The bill raised concerns from Republicans over how some taxing jurisdictions would receive tax payments from other jurisdictions that may not opt in to the measure and are in charge of tax collection, such as counties that collect taxes on behalf of villages. Questioned by Assemblyman Edward Ra, R-Franklin Square, and Assemblyman Andy Goodell, R-Jamestown, on how the legislation would allow for the distribution of such taxes to other authorities, Stern said those localities would have to work together to resolve those complications.
"The various taxing districts need to come together to work out what procedure works out best for them," Stern said.
During the payment deferment period, no additional interest or penalties would accrue, and once the state's disaster emergency was lifted, taxes would be collected in installments, the bill said. Taxing jurisdictions would not be allowed to defer scheduled payments of taxes of other taxing jurisdictions without those other jurisdictions passing a law to do so, the legislation says. Tax payments could be deferred only up to 120 days past the original due date of taxes, the legislation says.
In a press release Friday, Martinez said passage of the bill would allow local taxing jurisdictions to support families by allowing them to pay their property taxes later without facing penalties. She said she was hopeful the governor would sign it.
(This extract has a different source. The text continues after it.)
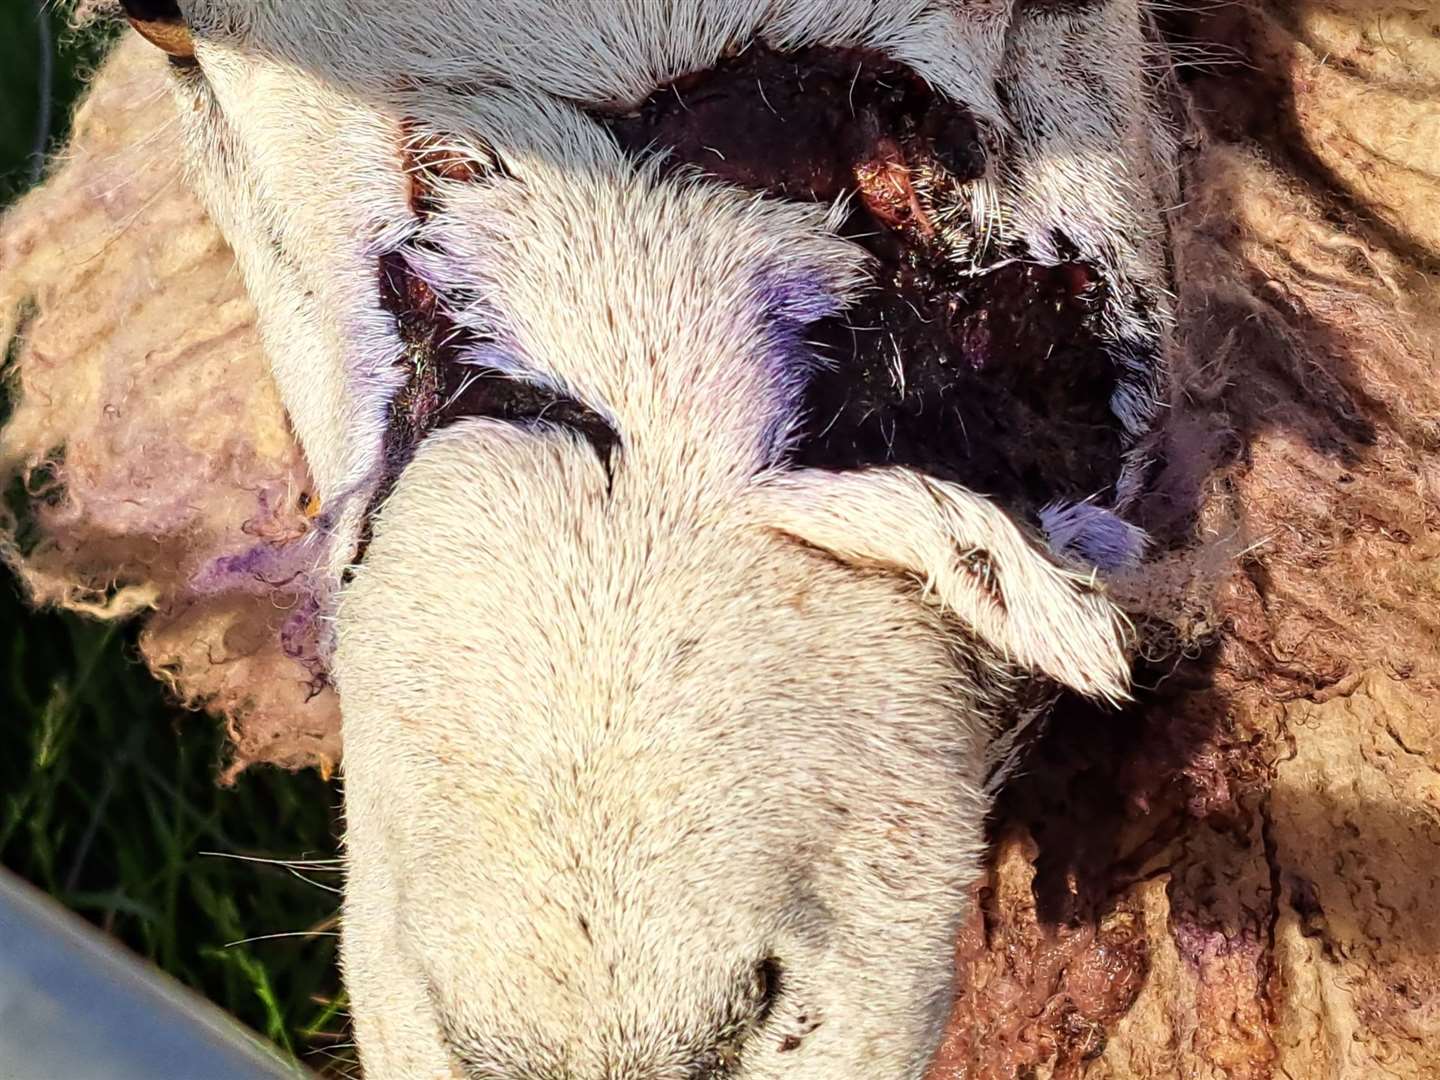 Sheep were left with deep wounds to their faces in a suspected dog attack at Old Romney. Picture: Donna Walker-Hudson
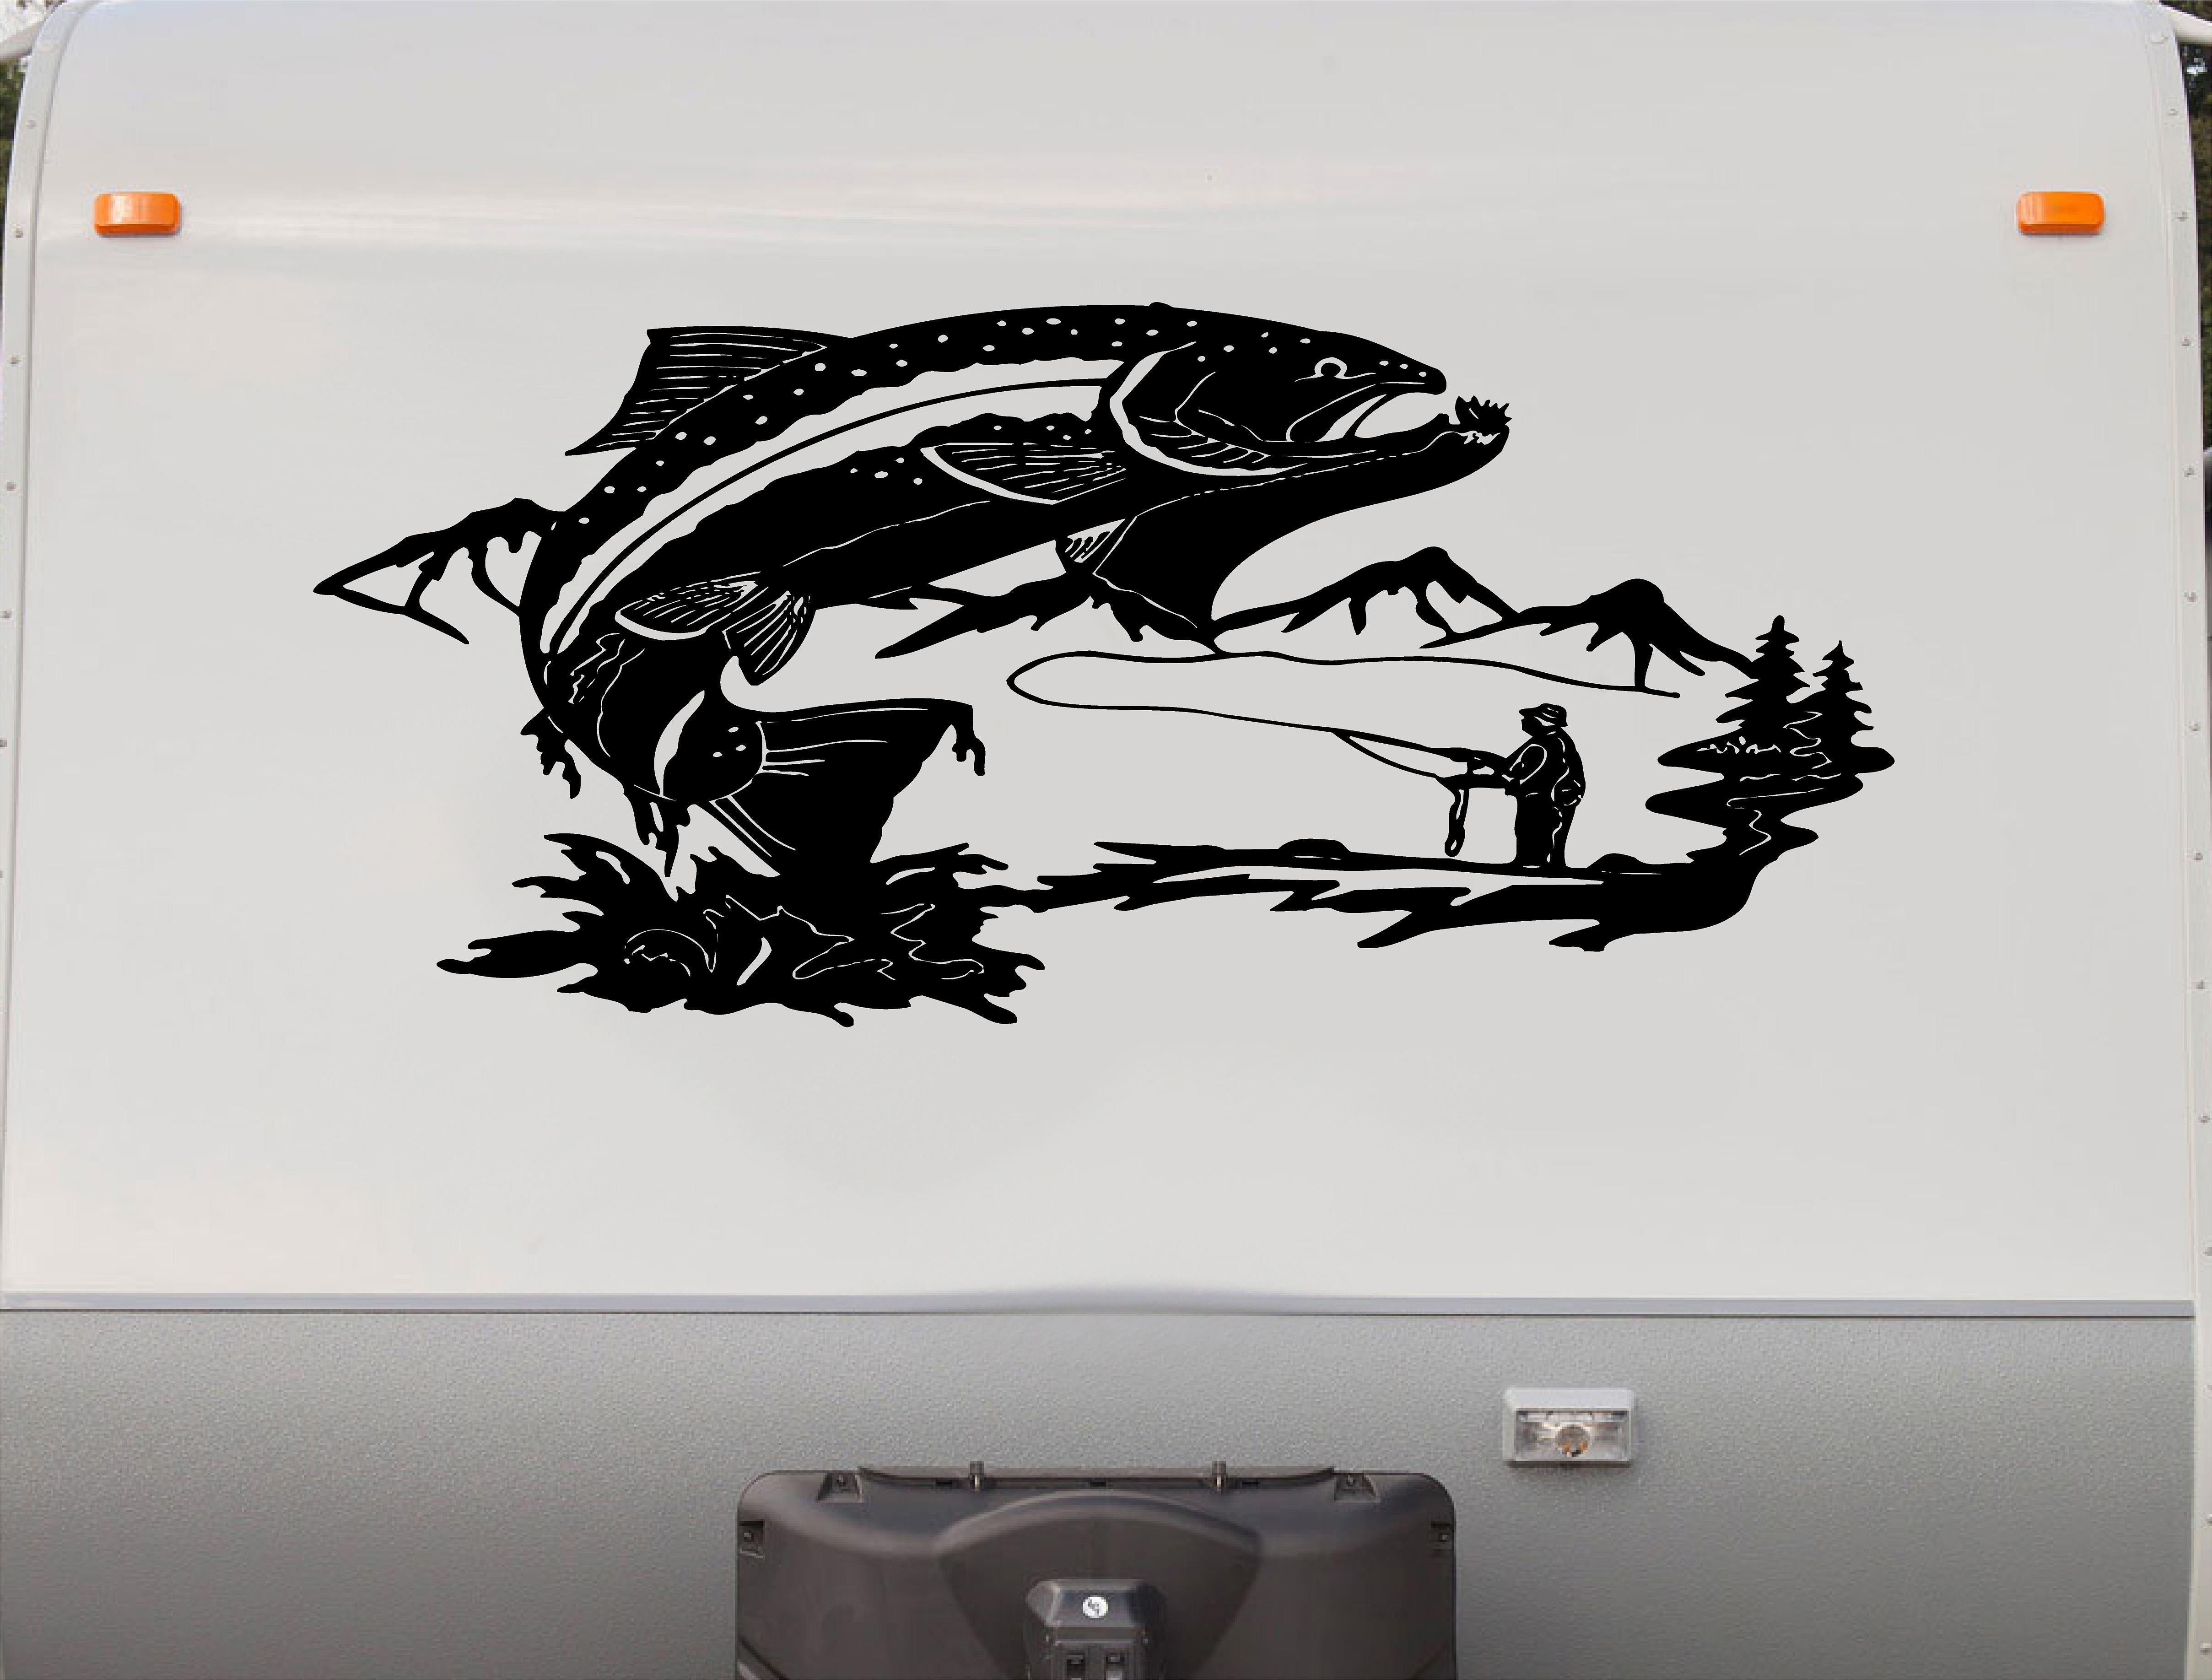 How-To Install Custom Decals On A Fishing Rod

"Many residents are facing the worst economic hardship of their lives," Martinez said. "Businesses have been closed for months, employee pay has been cut, and in many cases there have been layoffs. New York has some of the highest property taxes in the nation and the state Legislature must enable property tax relief for those in need."
Caitlin Girouard, a spokeswoman for Cuomo's office, said the legislation was under review.
The measure is part of a larger flurry of action taken by New York lawmakers last week to take up various relief measures, and other legislation, to deal with the novel coronavirus, which causes the respiratory disease COVID-19.
Assembly and Senate lawmakers last week also approved S.B. 8122B, which would allow localities to pass laws to extend the deadline to July 15 for real property tax abatement applications and renewal applications, according to a bill summary.
They also approved S.B. 8113A, which prohibits localities and utilities from terminating services to residential customers if they've failed to pay taxes or bills during the COVID-19 state emergency and 180 days after it is lifted. Residents would also be allowed to restructure or defer payments on those services if they've been financially hurt by the state of emergency, the bill said.
And lawmakers in both chambers also passed S.B. 8411, which would allow certain New York City business taxes to be decoupled from the federal tax provisions enacted through the federal Coronavirus Aid, Relief and Economic Security Act , or CARES Act.
The measure would decouple from the federal law the city's unincorporated business corporation tax, the general corporation tax, the city banking tax and the city business corporation tax, according to a bill summary, and potentially save the city $50 million in the 2020-2021 fiscal year and $25 million in the 2021-2022 fiscal year.
Other states have passed similar legislation to try to bring property tax relief, including New Jersey, which last week extended to July 1 the deadline to file 2020 property tax assessment appeals, and extended deadlines for county tax boards to decide such cases.